Let’s untangle this a bit:
• American presidents should never go to war because they’re afraid of looking like a “total wuss.” They should go to war in defense of American lives, territory, and allies; they should also vigorously defend and advance American interests. But those interests should be concrete. Wussiness — or, to put it in in a more positive light, “American prestige” — should appear pretty close to the bottom of reasons to use force. It’s too nebulous. If we’re going to ask people to die, ask them to die for real stuff.
• Though it’s been made fuzzy by American presidents and their assertion over all the levers of war-making, the Constitutional power to declare war actually resides with Congress. So, yeah, if 75 percent of the House of Representatives votes against going to war in Syria, yes, the president should probably be paying attention to that. Because that’s the law.
• Obama should also pay attention to that 80 percent of Americans who don’t want to go to war, in Clinton’s scenario — at least, if going to war is completely the choice of the president and not pushed on us by an attack on the aforementioned American lives and territory. Let’s be honest: It’s not always that hard to persuade us that invading or dropping bombs on some other country is the right policy, but you usually do have to give Americans a reason to do so. If you can’t do that, you’re probably not a very good president. Make your case.
What’s interesting here is that Clinton makes only a glancing reference to what might the core U.S. interest in intervening in Syria: saving lives. Ninety-three thousand people have died in the civil war so far — a terrible atrocity for any country to experience. The problem? U.S. involvement doesn’t always save lives; just this weekend, 30 people were killed in car bombs across Iraq, the victims of forces we unleashed with our invasion there a decade ago. Doing something isn’t always better than doing nothing.
And remember: Clinton as president stood by while Rwandans slaughtered between 500,000 and a million of their countrymen back in the 1990s. Remember: He fled a humanitarian mission in Somalia just as soon as he could after U.S. soldiers were killed there in the “Black Hawk Down” incident. And a reading of history certainly seems to show that he was for the Iraq War when it was popular, and then against it when it wasn’t.

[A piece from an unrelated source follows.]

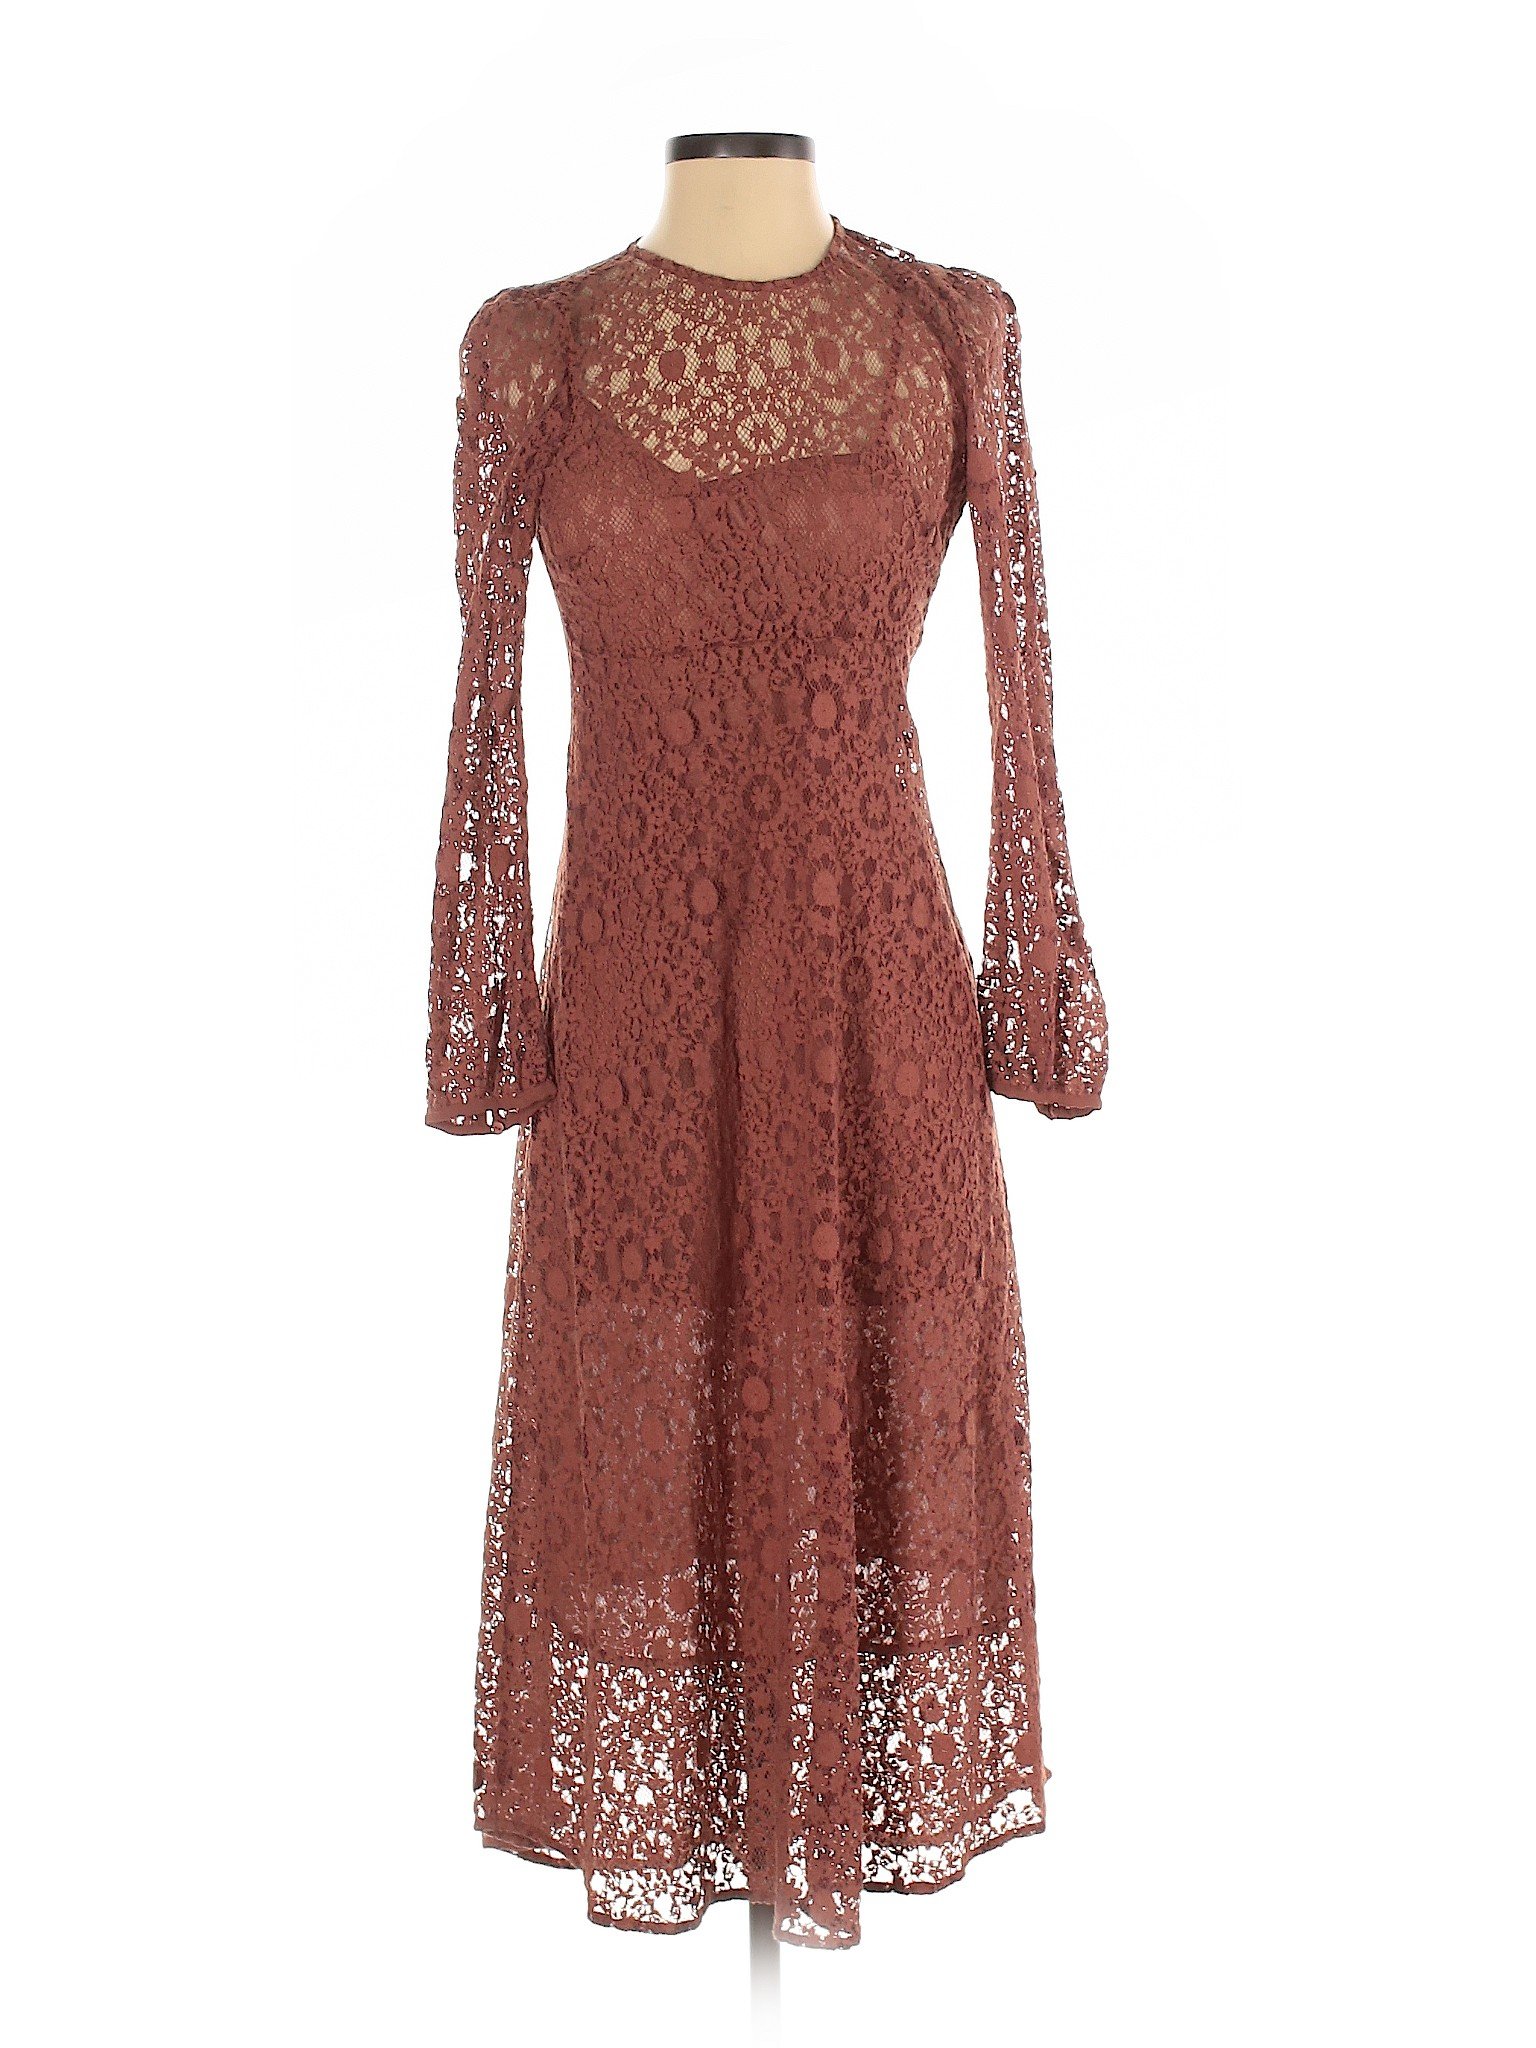 Zara Women Brown Cocktail Dress XS | eBay
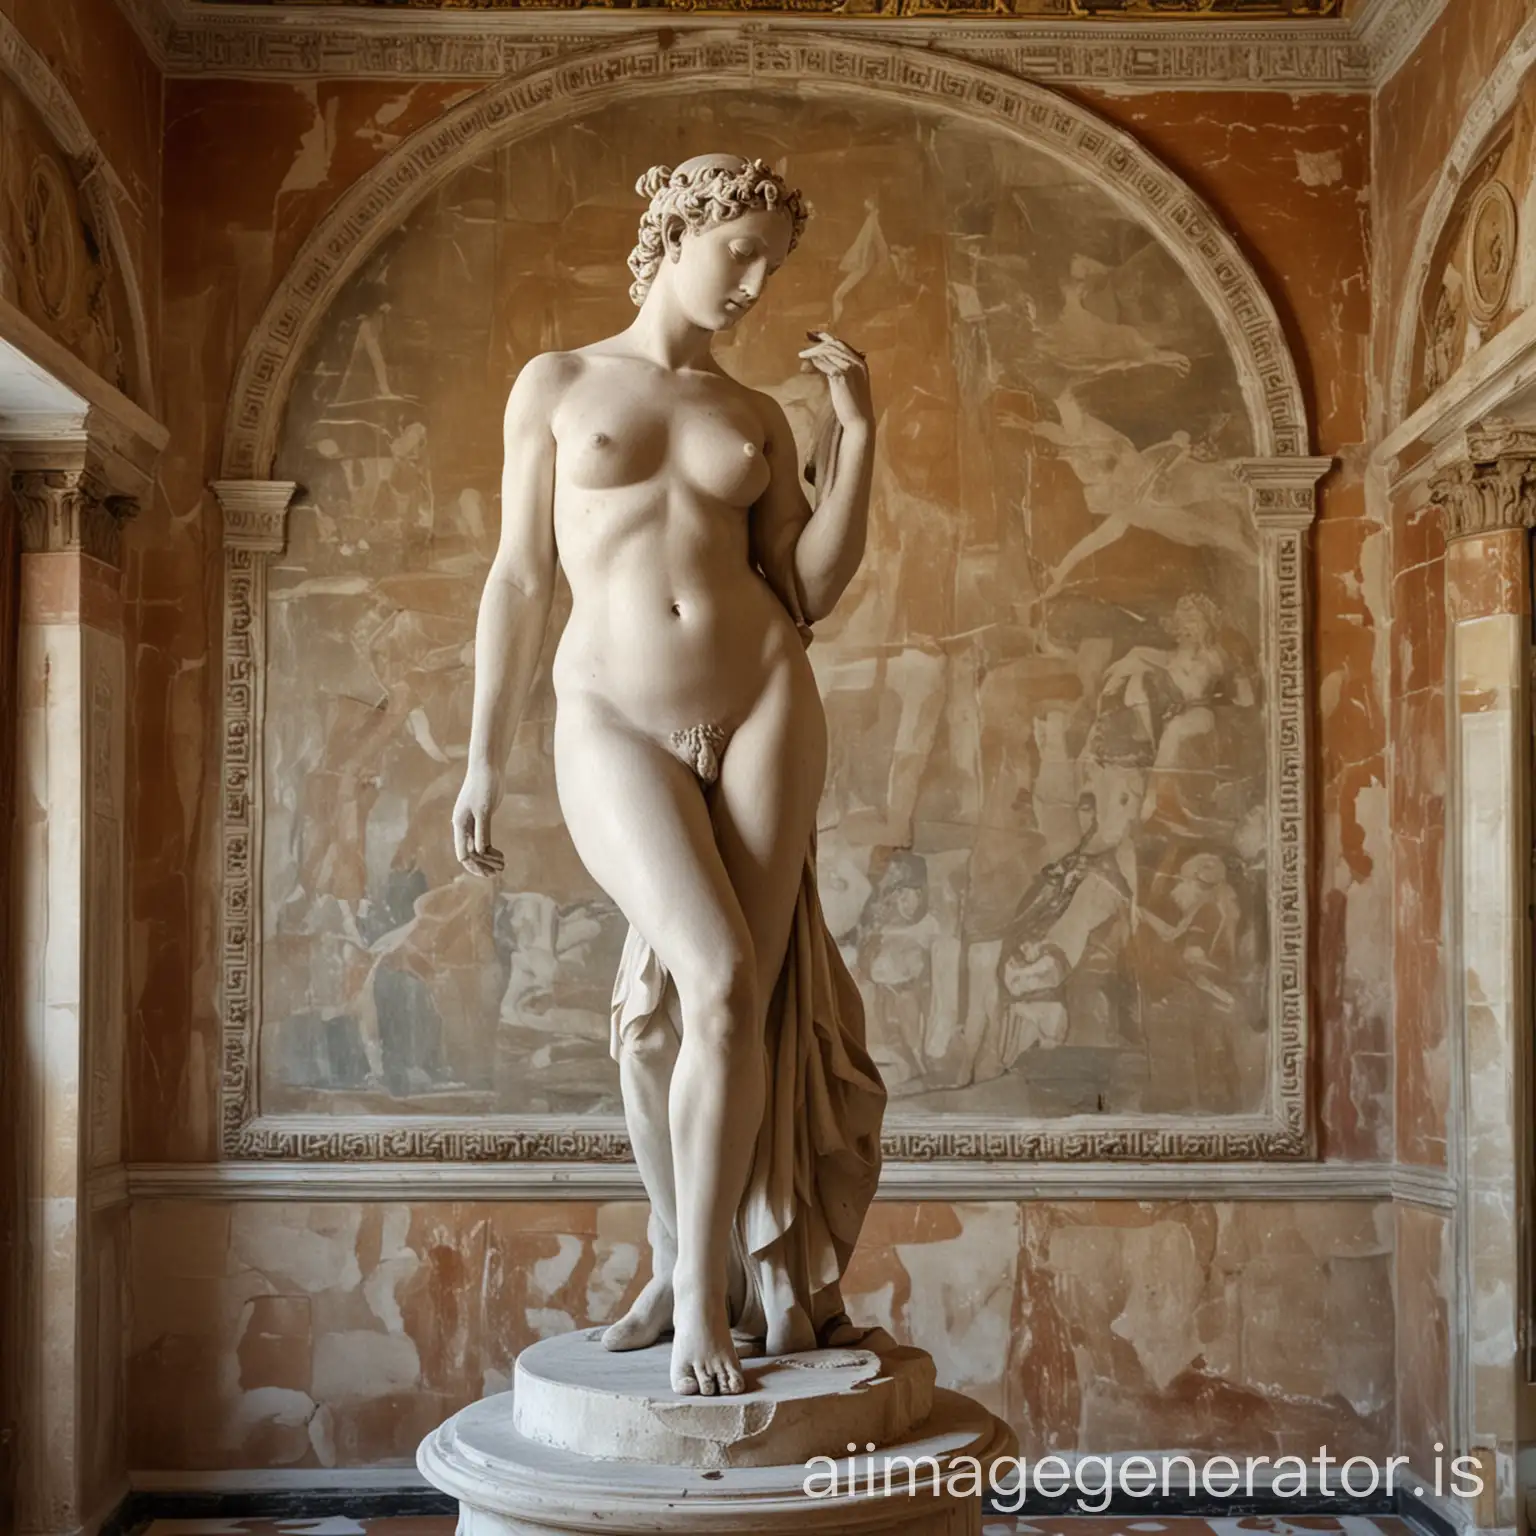 Renaissance-Art-Room-Greek-Statue-of-Nude-Woman-in-Stone

You want to talk about wussiness? Clinton’s record — going back before his time as president — is to back popular wars, flee unpopular conflicts, and above all “to preserve (his) political viability in the system.” If there’s an example of moral courage in Bill Clinton’s record on war and peace, it is difficult to find. It’s one reason he can drive liberals so crazy sometimes.
President Obama, it seems, is going to step up American military involvement in Syria. Maybe we’re lucky and it’ll turn out well. But I hope he did so for better reasons than Bill Clinton’s schoolyard taunts. Otherwise, he really is a wuss.